**Exercise description**. Lower down are entries containing pictures. Copy exactly, without those pictures, the lines from the line with "Carrera Safari 65 Sunglasses" through the line with "Reliance Trends BRAND".

**Material for the task**.

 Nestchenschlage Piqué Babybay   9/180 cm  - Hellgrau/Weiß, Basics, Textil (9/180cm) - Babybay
...
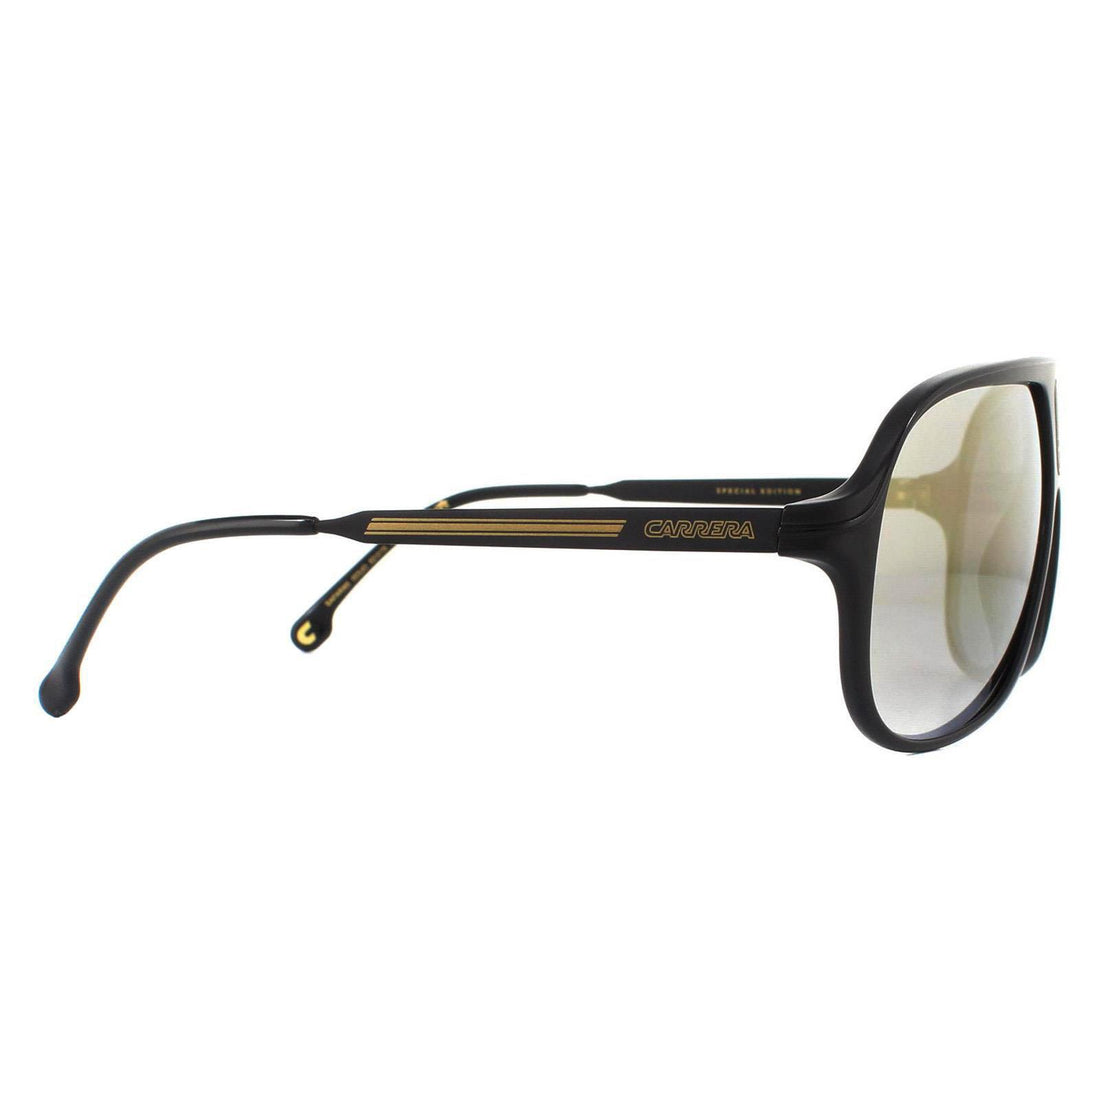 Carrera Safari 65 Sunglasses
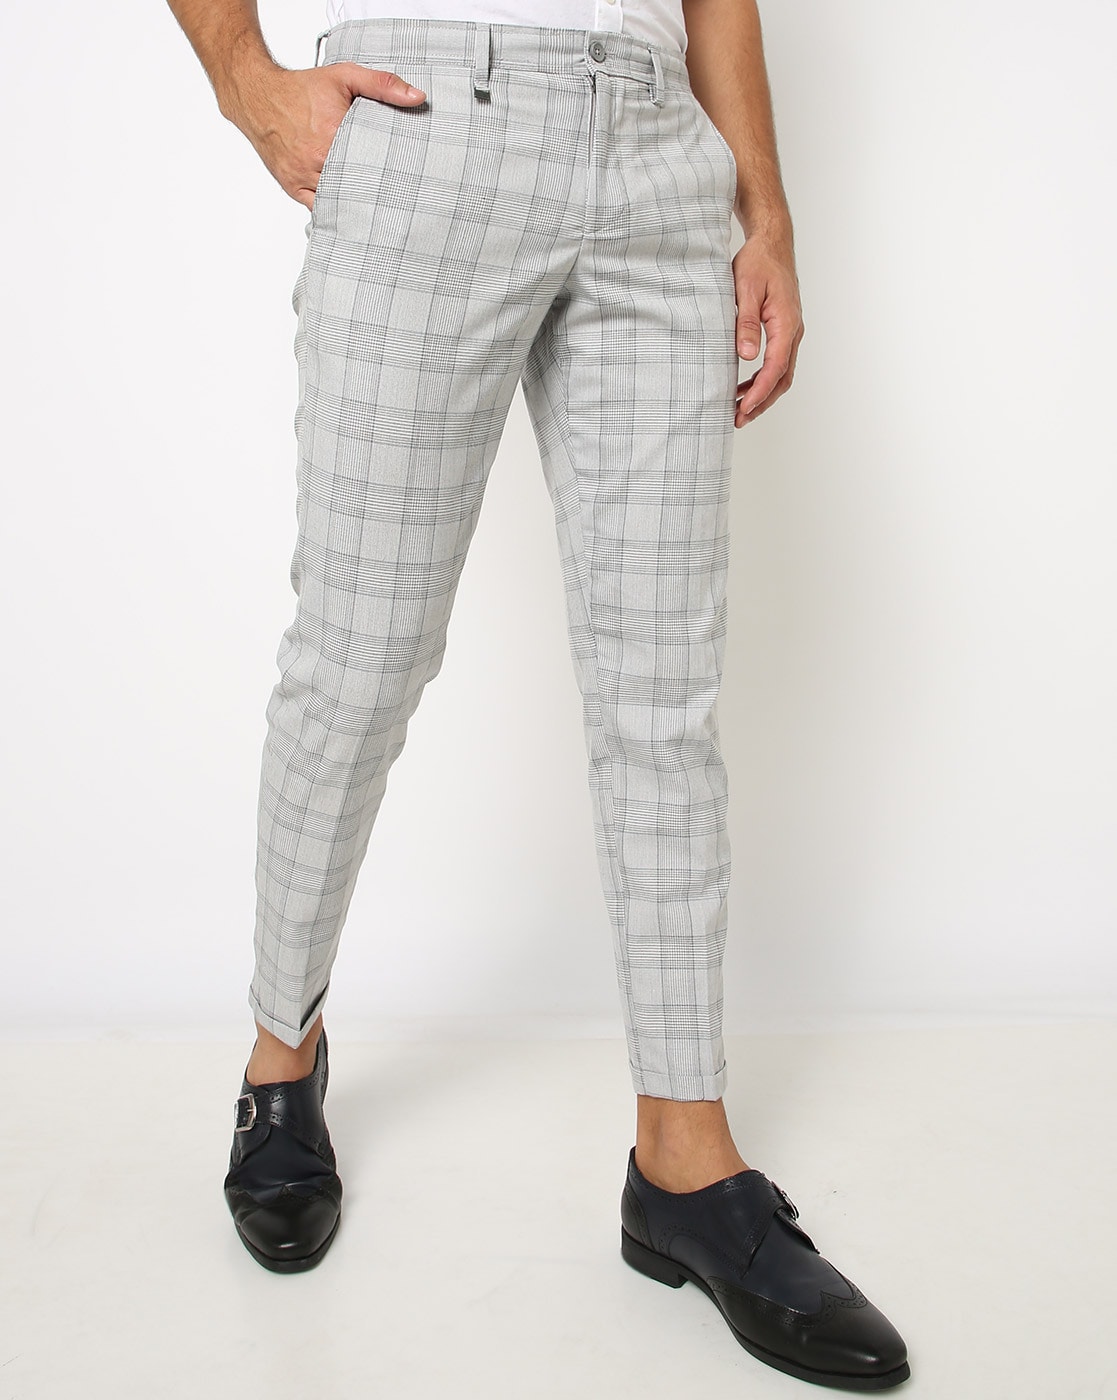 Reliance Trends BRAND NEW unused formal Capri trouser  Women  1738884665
* * *
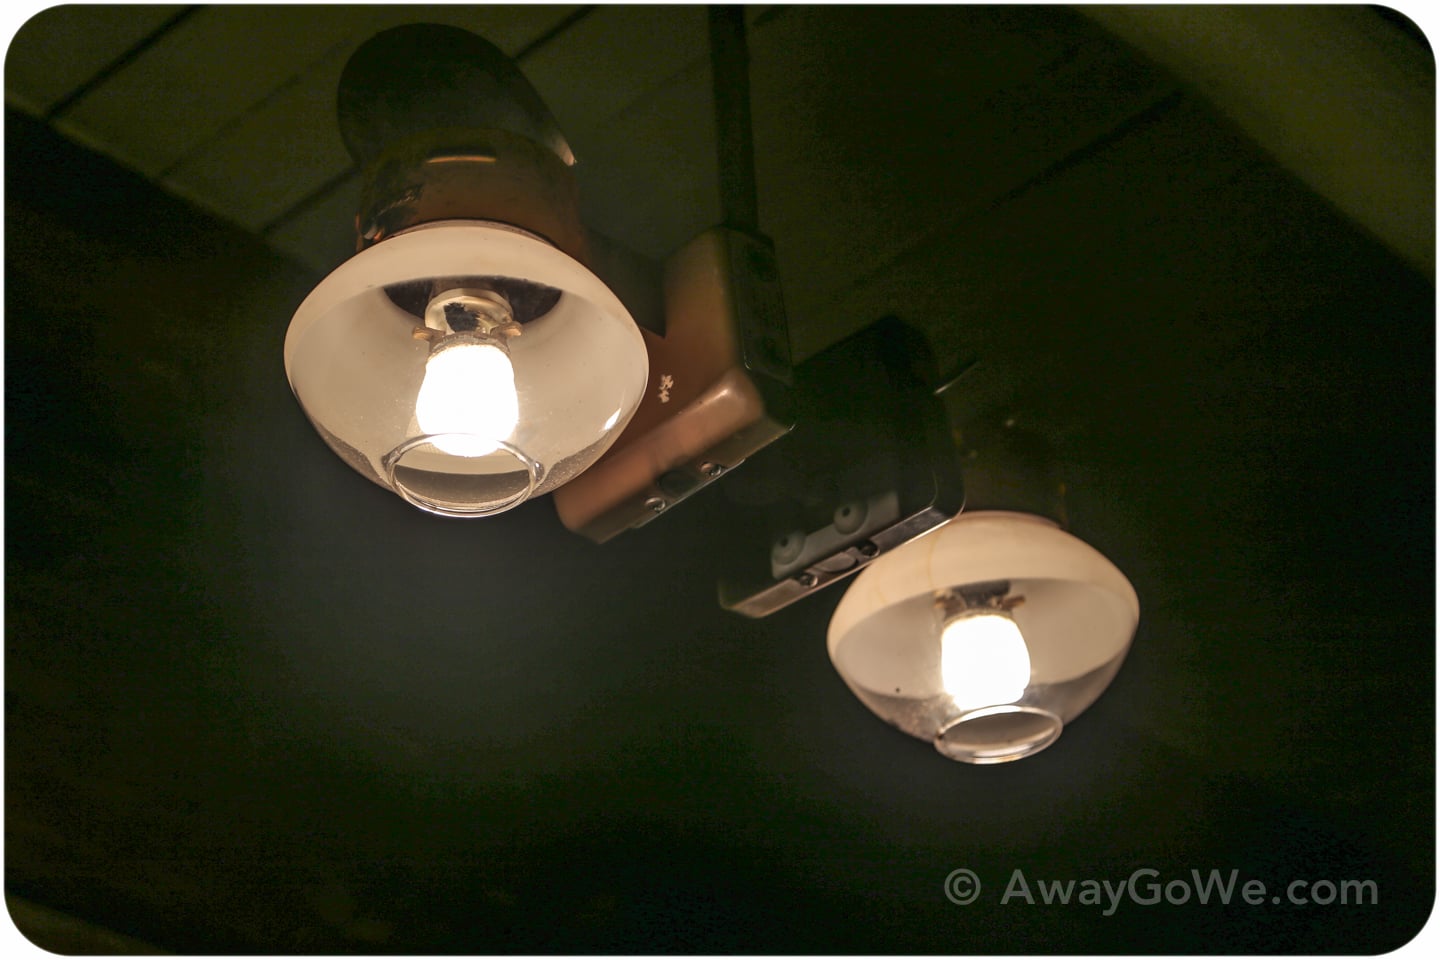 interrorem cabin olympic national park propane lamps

**Task response**.
 Carrera Safari 65 Sunglasses
 Reliance Trends BRAND NEW unused formal Capri trouser  Women  1738884665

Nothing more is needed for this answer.